From the same document we see that (only) one in four human beings on earth interacts with Facebook (including through WhatsApp). That means each Facebook or WhatsApp user person on average earns Facebook about forty-eight dollars each year. The document puts their expenses at fifty-five billion, about twenty dollars a head. They’re getting 100% return, two dollars out for every dollar in.

The point?

The point isn’t that Facebook profits from WhatsApp. It’s that the data we give to them using their application is valuable. The company works incessantly to make it more so. As a shareholder, that’s supposed to be a good thing. As a citizen, one wonders.

Your data is valuable because it is used to predict and to influence your behavior, not only that you spend your cash or where you spend it, but also your opinion, what you care about, what you know about, even how you vote.

An October, 2019 article in the New York Times has United States Democratic primary candidates collectively spending thirty-two million dollars with Facebook in 2019.

According to data collected by the Wesleyan Media Project, the major U.S. presidential candidates in the 2020 election spent, combined, about one hundred and ninety million dollars on Facebook.

No turns

Further, and considerably more troubling, is the asymmetry of the information. While you provide all of this data to Facebook, in reality, the privacy policy (or non-privacy policy) doesn’t provide you with any transparency about how your data is used. It discloses things in general terms; but, you can have no information about any specifics whatsoever– how many times, with whom, specifically, when? Who has bought?

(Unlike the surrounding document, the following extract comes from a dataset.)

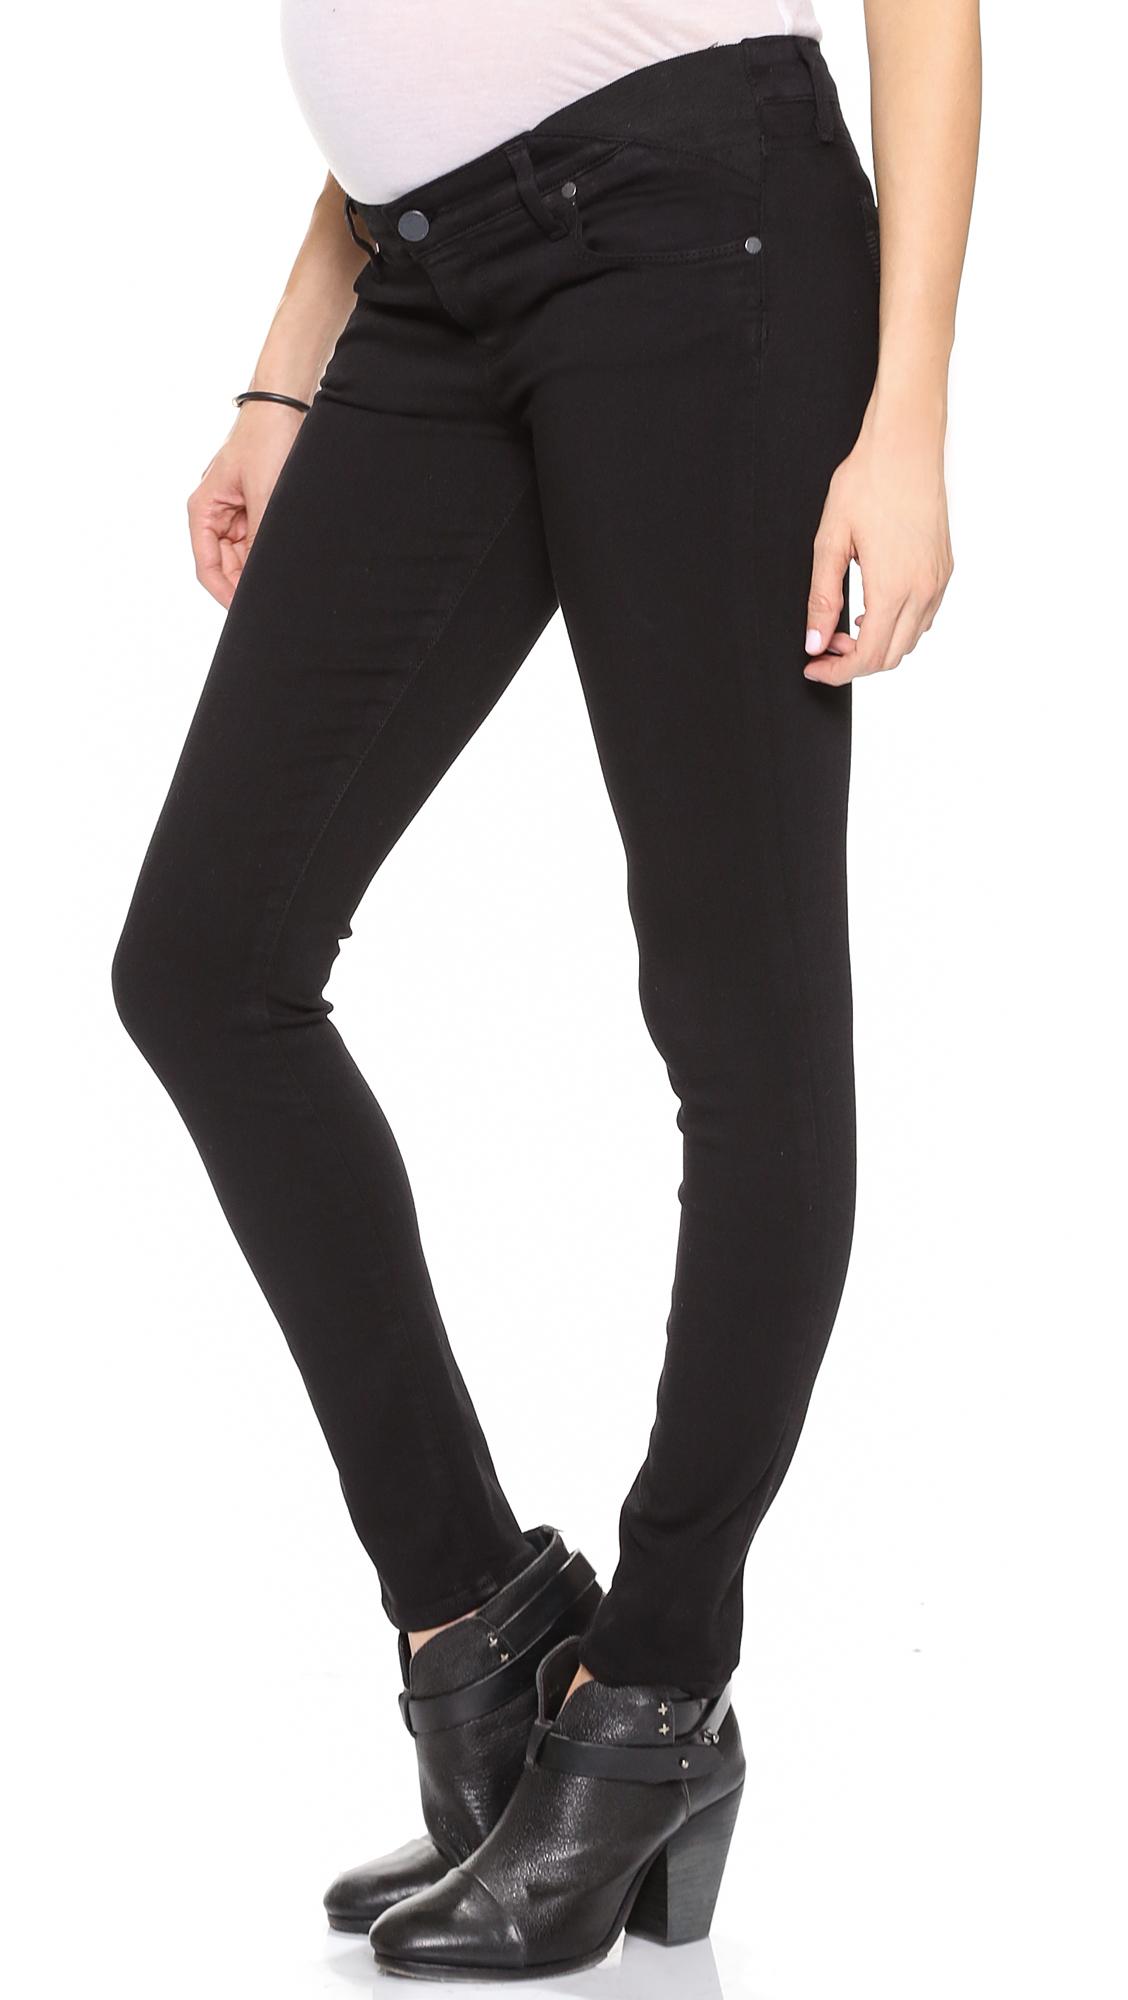 Paige Verdugo Ultra Skinny Maternity Jeans - Black Overdye in ...
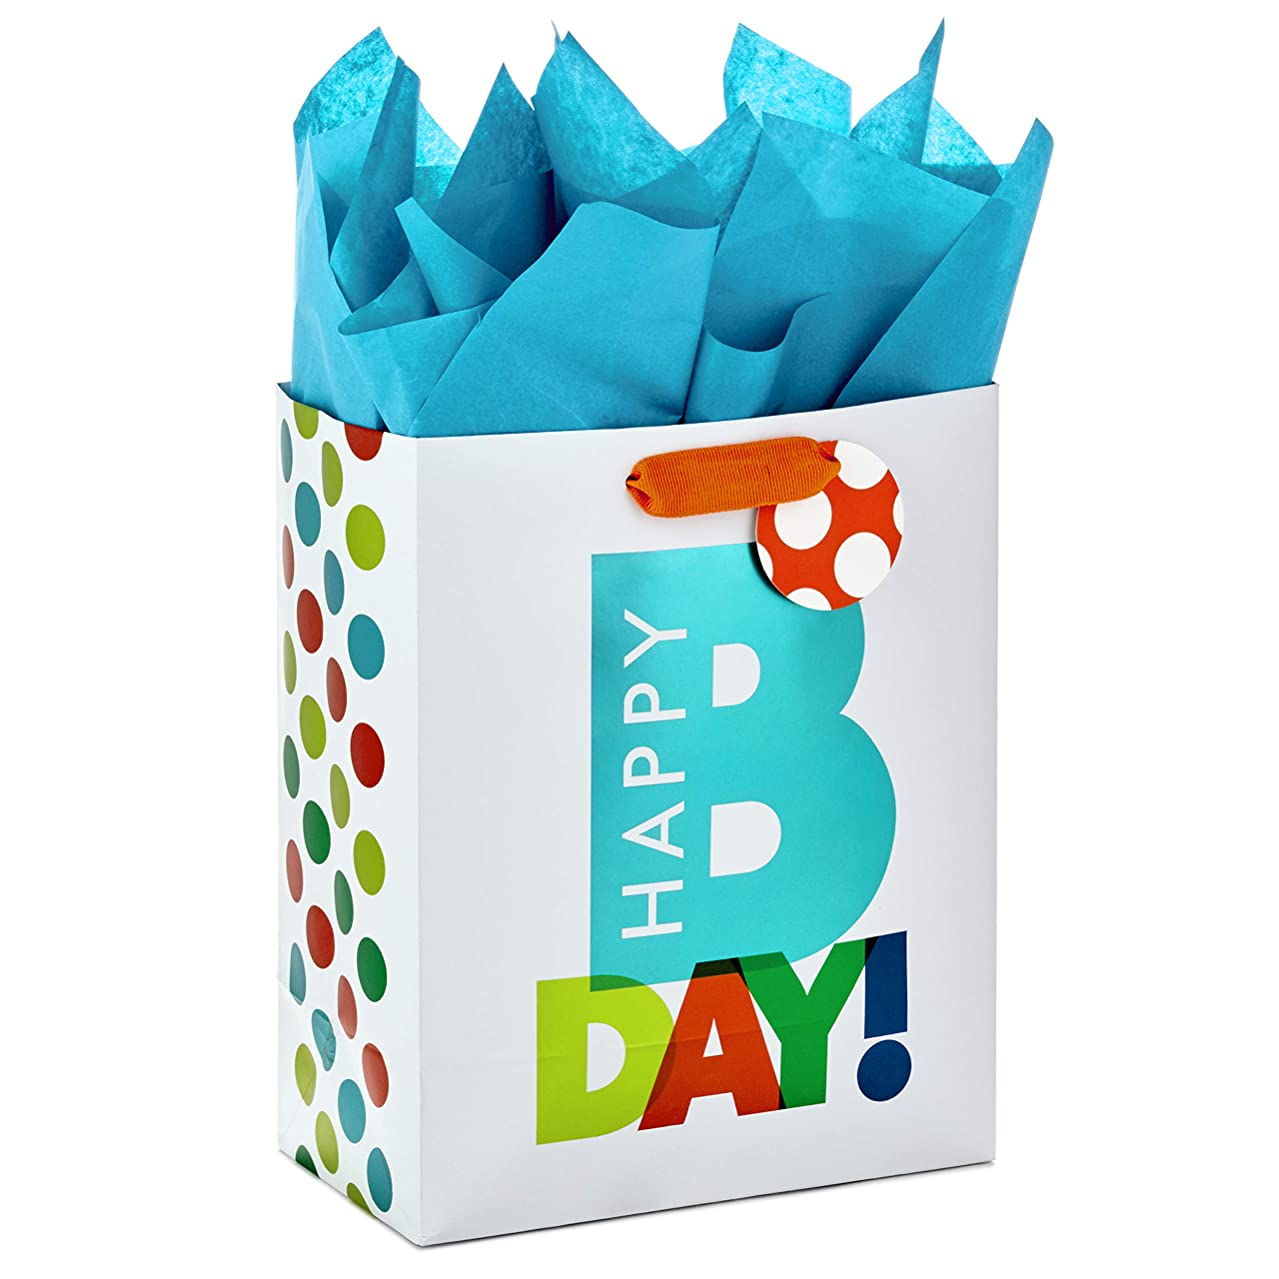 Hallmark Medium Gift Bag with Tissue Paper for Birthdays (Happy Bday)

How has the data been combined with data from other sources? How complete is the picture?

If people could see the complete picture that Facebook compiles, their dossier, and know specifically who has accessed it, I think they would be uncomfortable with what they saw.

See no evil

Facebook cares

If you happen upon the WhatsApp Privacy presentation, they tell you that they keep you private.

That document tells you that you can choose who can see your last seen and status. They mean other users. The privacy policy tells you that Facebook can always see whether you are using the app and your status. They tell you that the content of your messages is invisible to them. The privacy policy tells you that the length, destination, time sent, device from which sent, location from which sent, and other metadata are all shared with Facebook.

It’s important to WhatsApp that you think it is private and secure. Take their word for it. Don’t read the privacy policy.